BEGIN

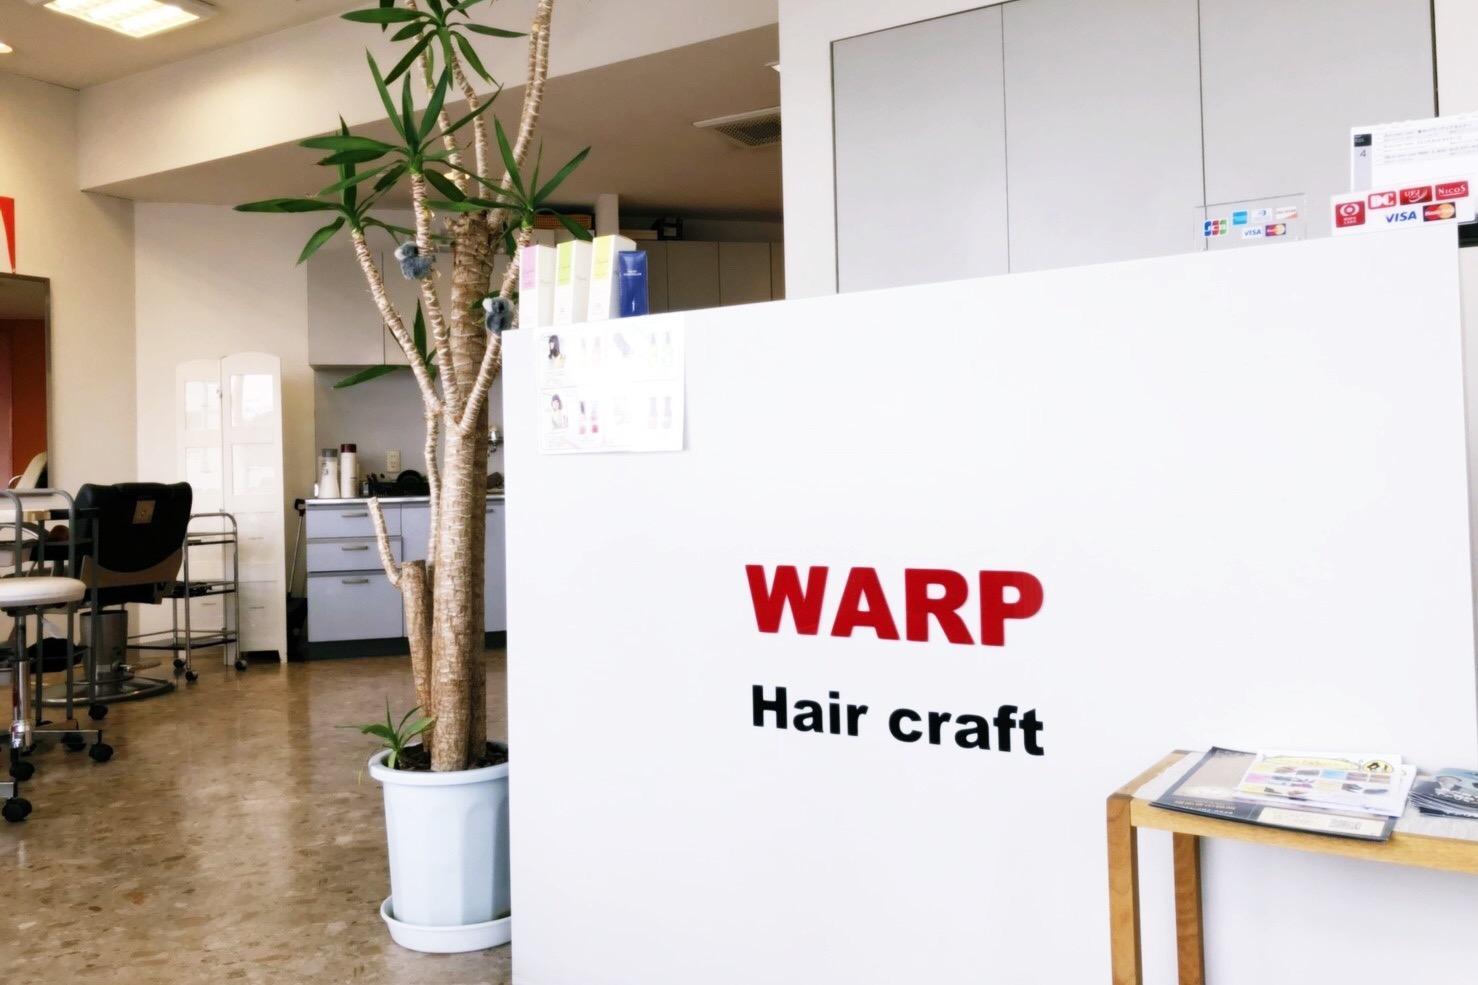 WARP Hair craft
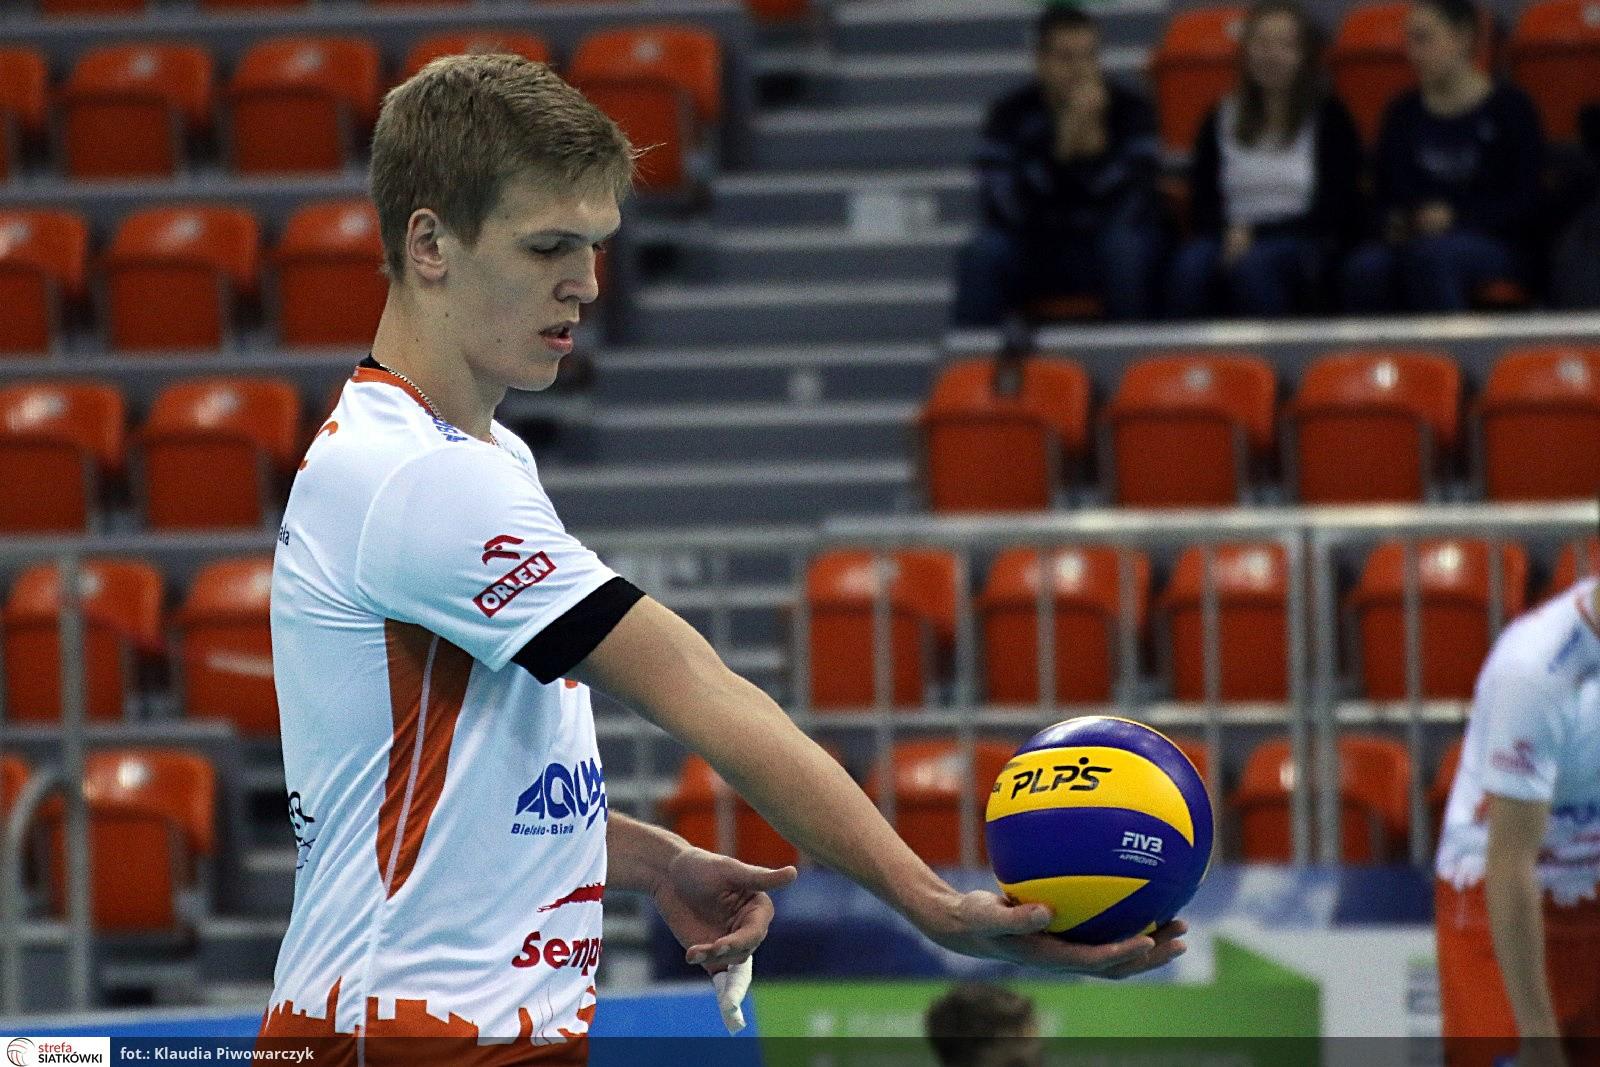 6 - Paweł Gryc
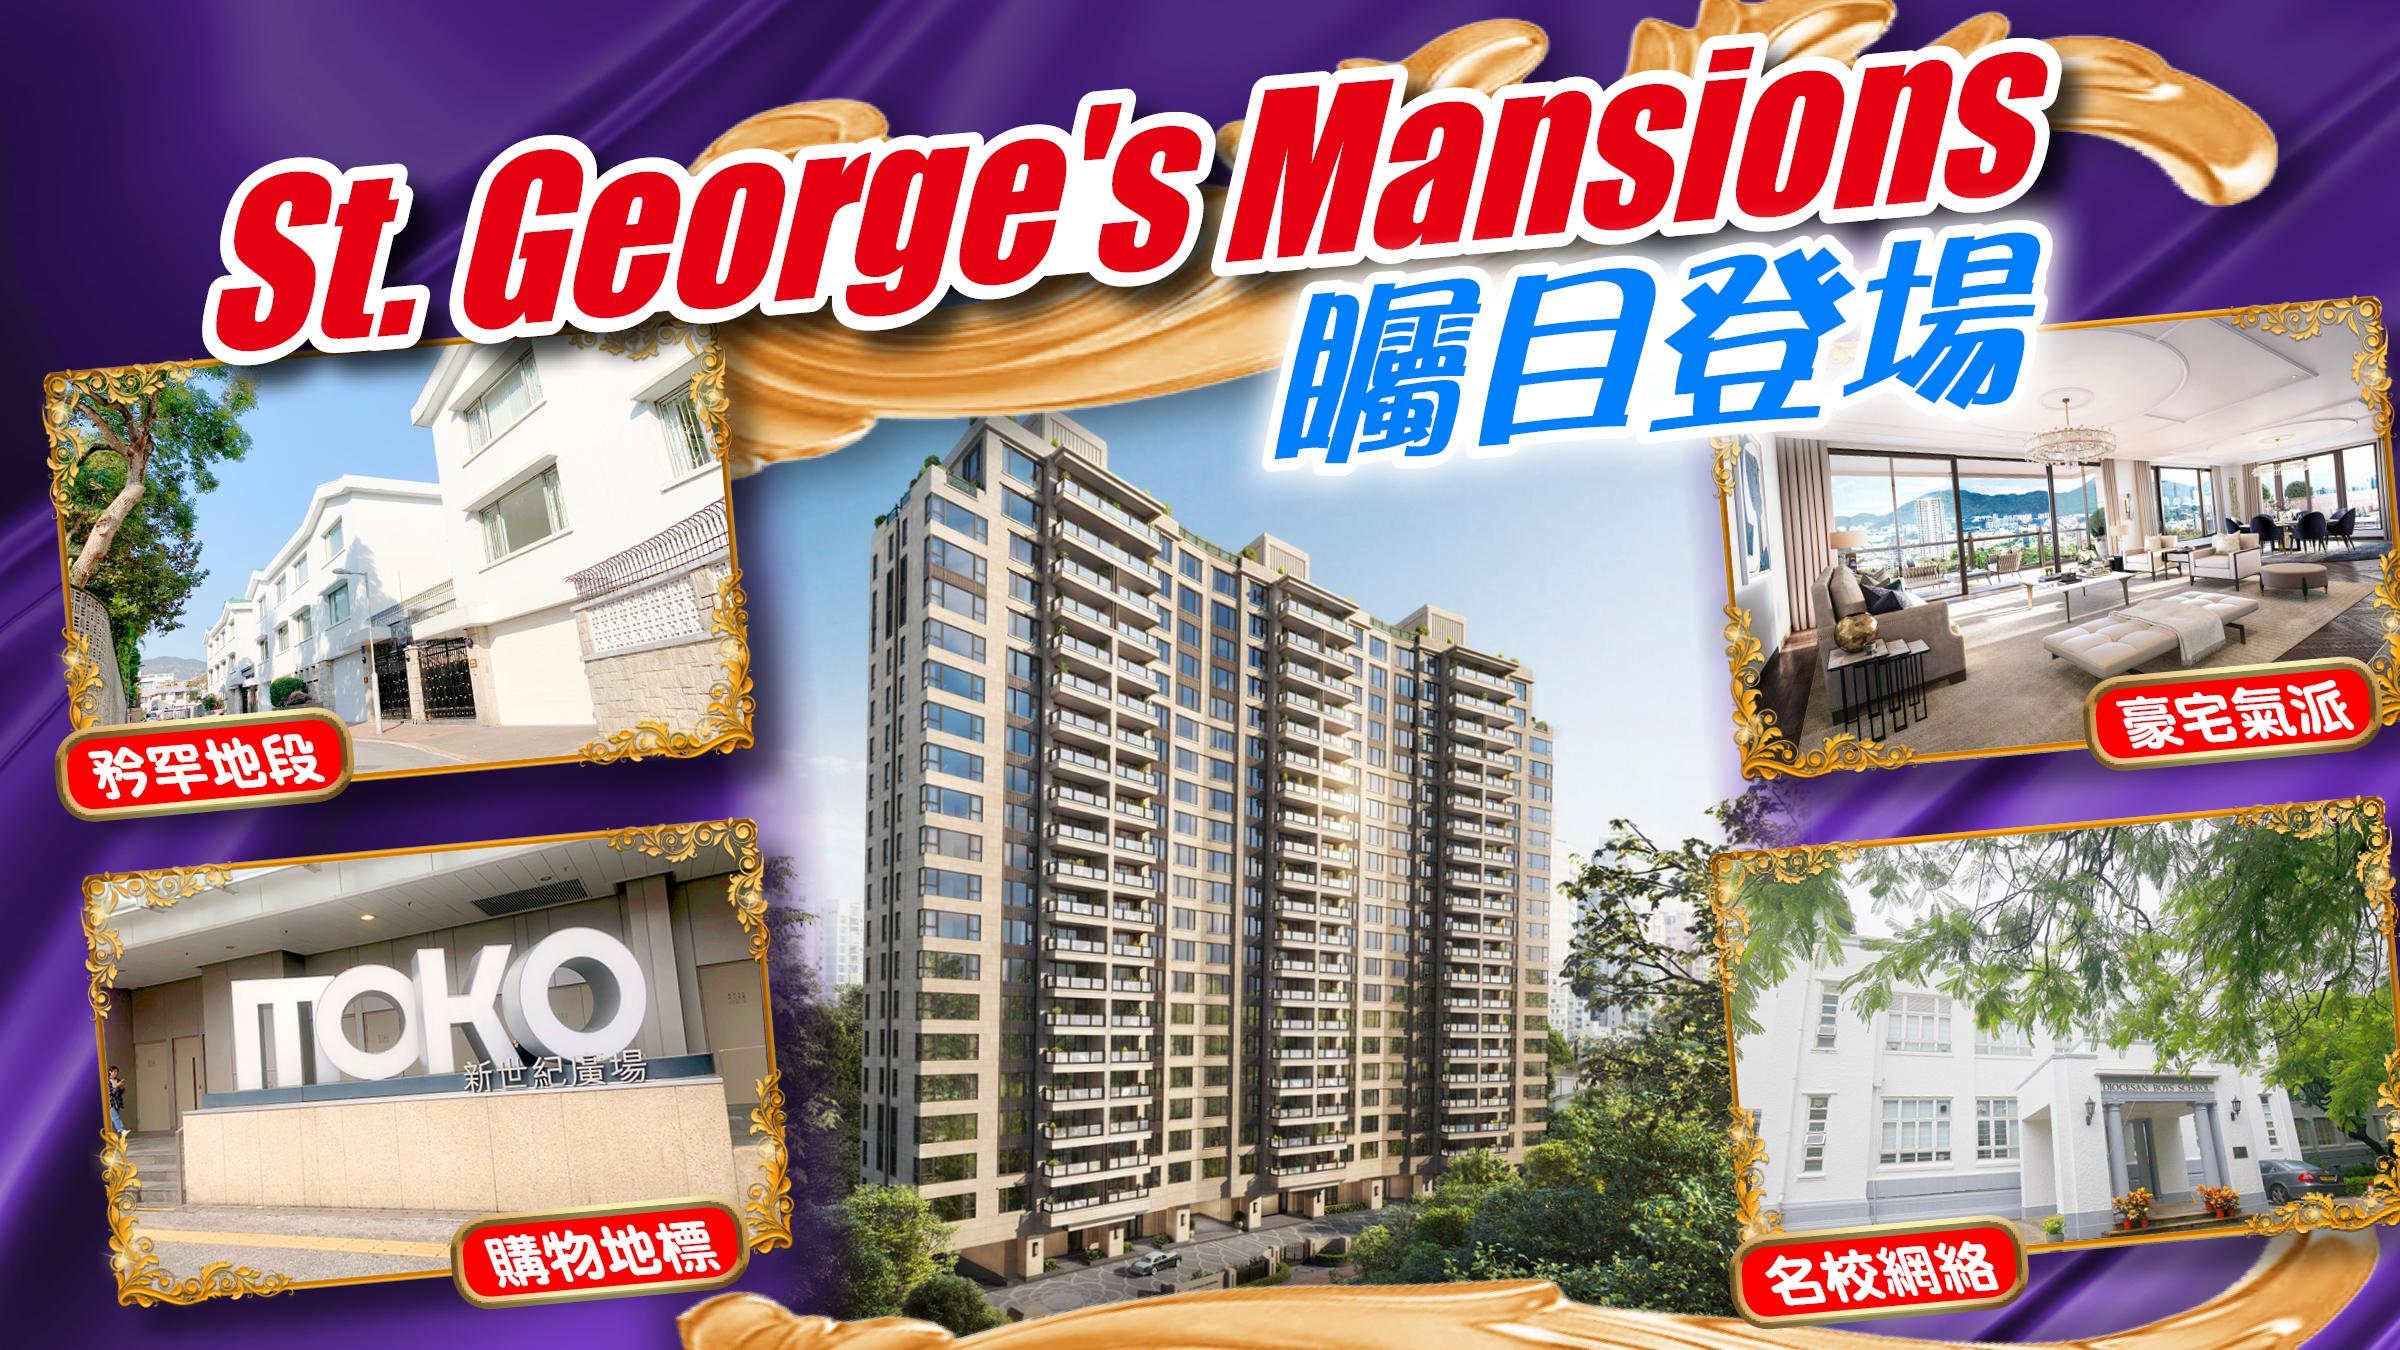 【一手盤攻略】St. George's Mansions 殿堂級鬧市綠洲|即時新聞|財經|on.cc東網
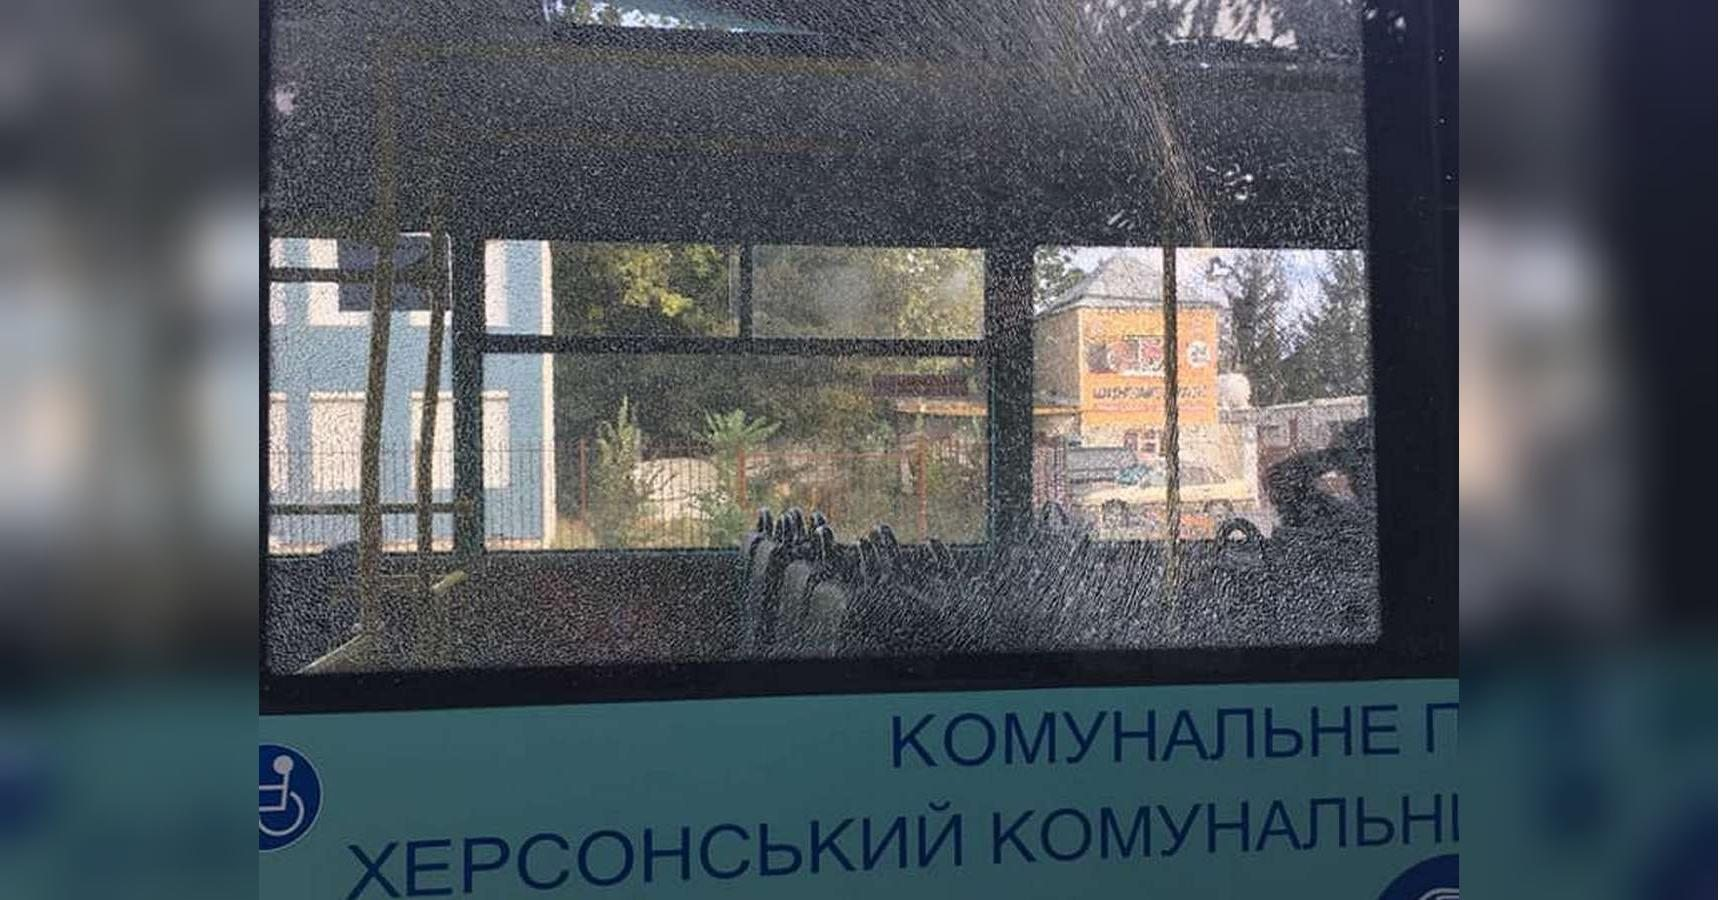 Обстрел пассажирского автобуса в Херсоне сочли хулиганством
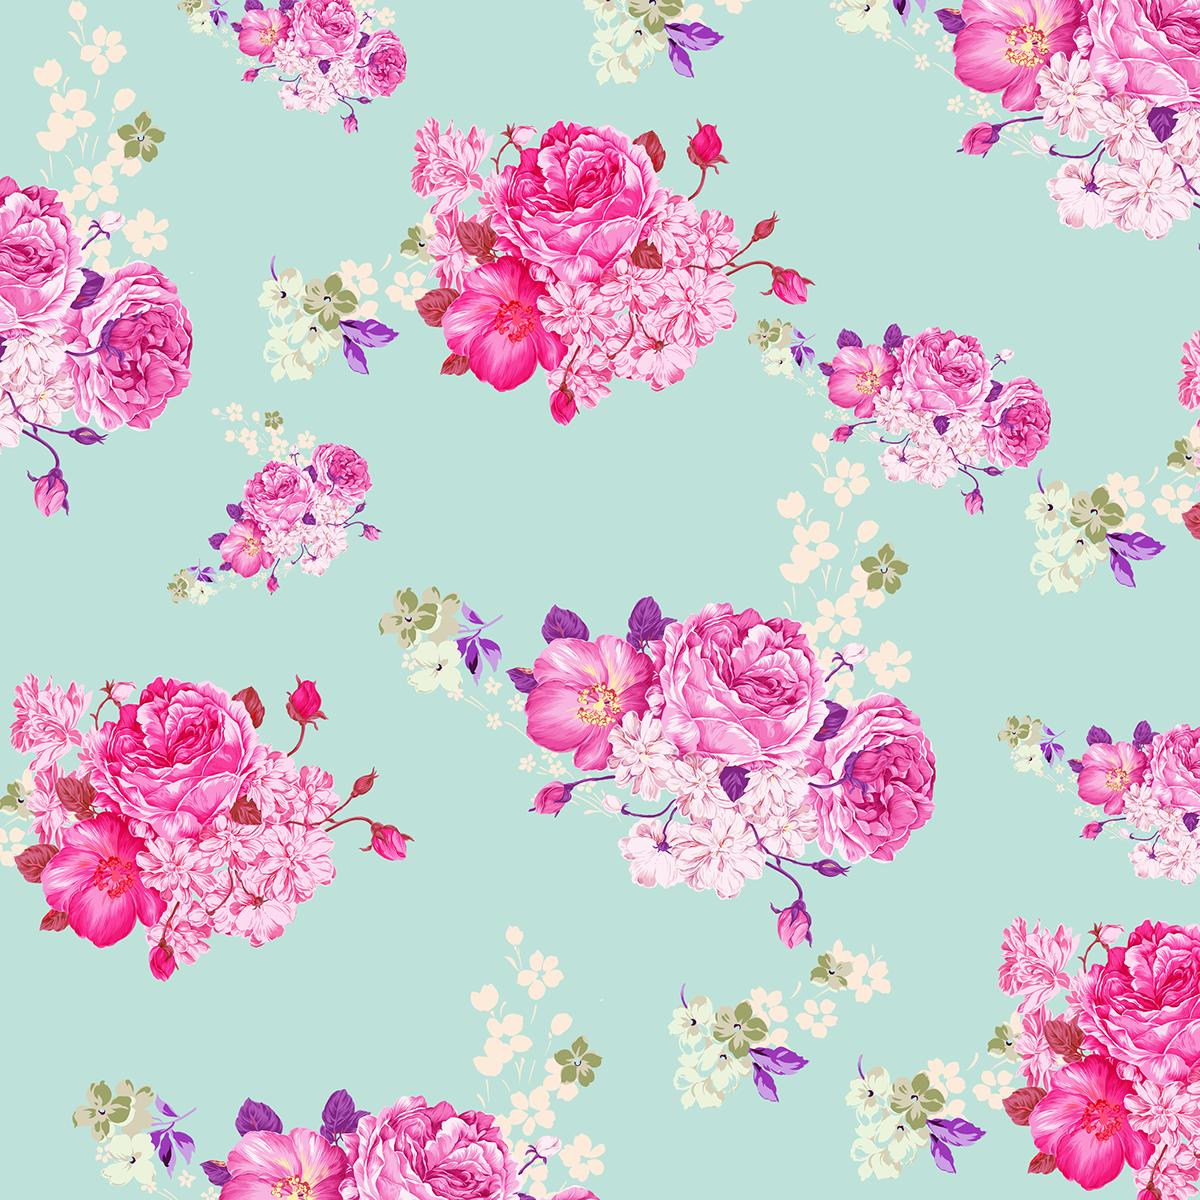 Floral Background Design Png.

END

**Work to be completed:** An exact copy of every entry, pictures left out, is what to write here.

**Task output:**
 WARP Hair craft
 6 - Paweł Gryc
 【一手盤攻略】St. George's Mansions 殿堂級鬧市綠洲|即時新聞|財經|on.cc東網
 Обстрел пассажирского автобуса в Херсоне сочли хулиганством
 Floral Background Design Png.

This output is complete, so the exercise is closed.